[PATCH v3 3/3] mm/vmstat: do not refresh stats for isolated CPUs

From: Marcelo Tosatti
Date: Mon Jun 05 2023 - 15:04:06 EST


schedule_work_on API uses the workqueue mechanism to
queue a work item on a queue. A kernel thread, which
runs on the target CPU, executes those work items.

Therefore, when using the schedule_work_on API,
it is necessary for the kworker kernel thread to
be scheduled in, for the work function to be executed.

Time sensitive applications such as SoftPLCs
(https://tum-esi.github.io/publications-list/PDF/2022-ETFA-How_Real_Time_Are_Virtual_PLCs.pdf),
have their response times affected by such interruptions.
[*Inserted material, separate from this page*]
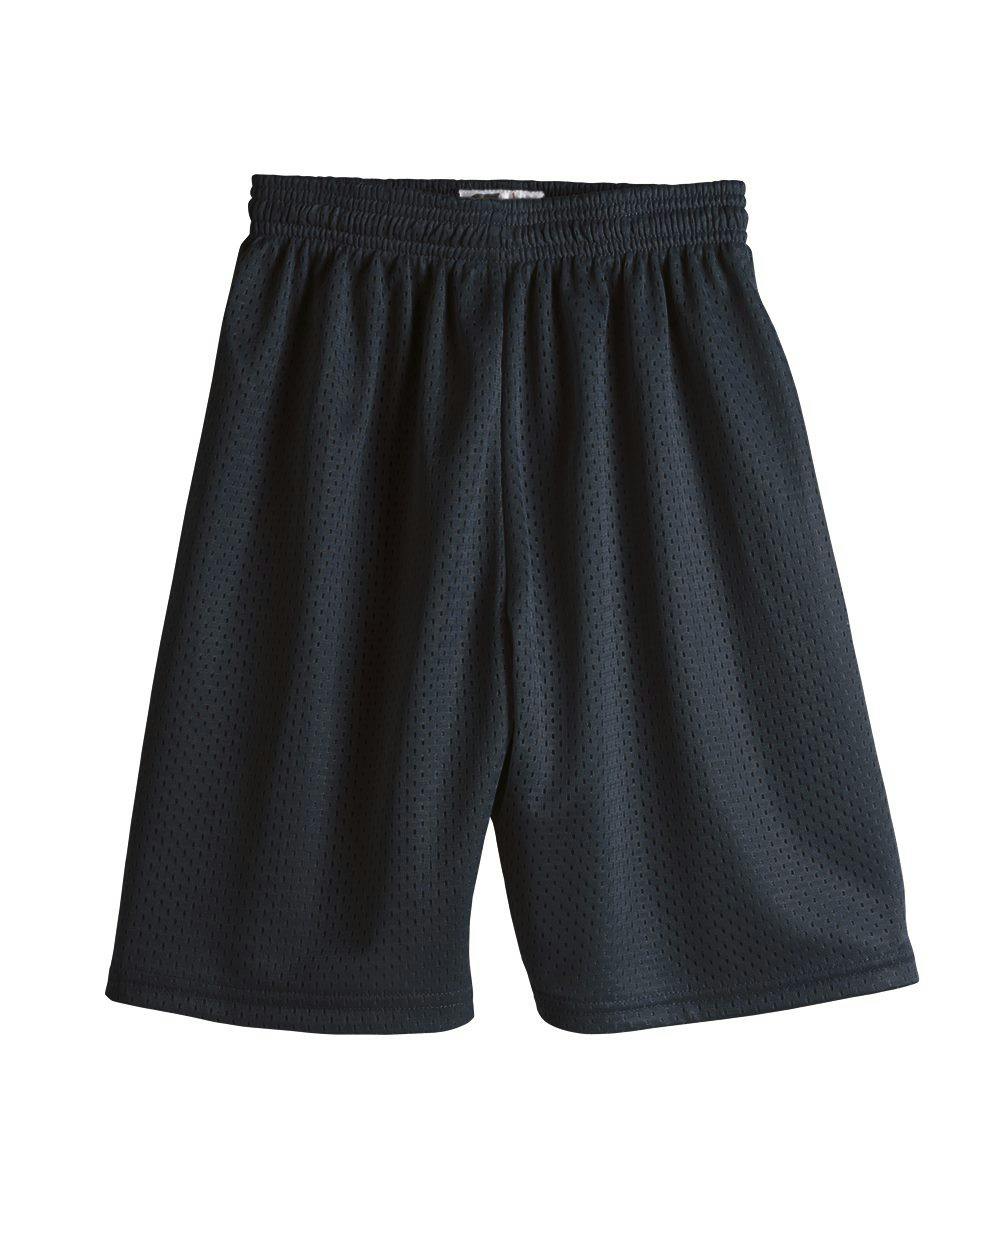 Image for Youth Mesh Shorts - 5209

The /proc/sys/vm/stat_refresh file was originally introduced
with the goal to:

"Provide /proc/sys/vm/stat_refresh to force an immediate update of
per-cpu into global vmstats: useful to avoid a sleep(2) or whatever
before checking counts when testing. Originally added to work around a
bug which left counts stranded indefinitely on a cpu going idle (an
inaccuracy magnified when small below-batch numbers represent "huge"
amounts of memory), but I believe that bug is now fixed: nonetheless,
this is still a useful knob."

Other than the potential interruption to a time sensitive application,
if using SCHED_FIFO or SCHED_RR priority on the isolated CPU, then
system hangs can occur:

https://bugs.debian.org/cgi-bin/bugreport.cgi?bug=978688

To avoid the problems above, do not schedule the work to synchronize
per-CPU mm counters on isolated CPUs. Given the possibility for
breaking existing userspace applications, avoid returning
errors from access to /proc/sys/vm/stat_refresh.

Signed-off-by: Marcelo Tosatti <mtosatti@xxxxxxxxxx>

---
v3: improve changelog (Michal Hocko)
v2: opencode schedule_on_each_cpu (Michal Hocko)

Index: linux-vmstat-remote/mm/vmstat.c
===================================================================
--- linux-vmstat-remote.orig/mm/vmstat.c
+++ linux-vmstat-remote/mm/vmstat.c
@@ -1881,8 +1881,13 @@ int vmstat_refresh(struct ctl_table *tab
void *buffer, size_t *lenp, loff_t *ppos)
{
long val;
- int err;
int i;
+ int cpu;
+ struct work_struct __percpu *works;
+
+ works = alloc_percpu(struct work_struct);
+ if (!works)
+ return -ENOMEM;

/*
* The regular update, every sysctl_stat_interval, may come later
@@ -1896,9 +1901,24 @@ int vmstat_refresh(struct ctl_table *tab
* transiently negative values, report an error here if any of
* the stats is negative, so we know to go looking for imbalance.
*/
- err = schedule_on_each_cpu(refresh_vm_stats);
- if (err)
- return err;
+ cpus_read_lock();
+ for_each_online_cpu(cpu) {
+ struct work_struct *work;
+
+ if (cpu_is_isolated(cpu))
+ continue;
+ work = per_cpu_ptr(works, cpu);
+ INIT_WORK(work, refresh_vm_stats);
+ schedule_work_on(cpu, work);
+ }
+
+ for_each_online_cpu(cpu) {
+ if (cpu_is_isolated(cpu))
+ continue;
+ flush_work(per_cpu_ptr(works, cpu));
+ }
+ cpus_read_unlock();
+ free_percpu(works);
for (i = 0; i < NR_VM_ZONE_STAT_ITEMS; i++) {
/*
* Skip checking stats known to go negative occasionally.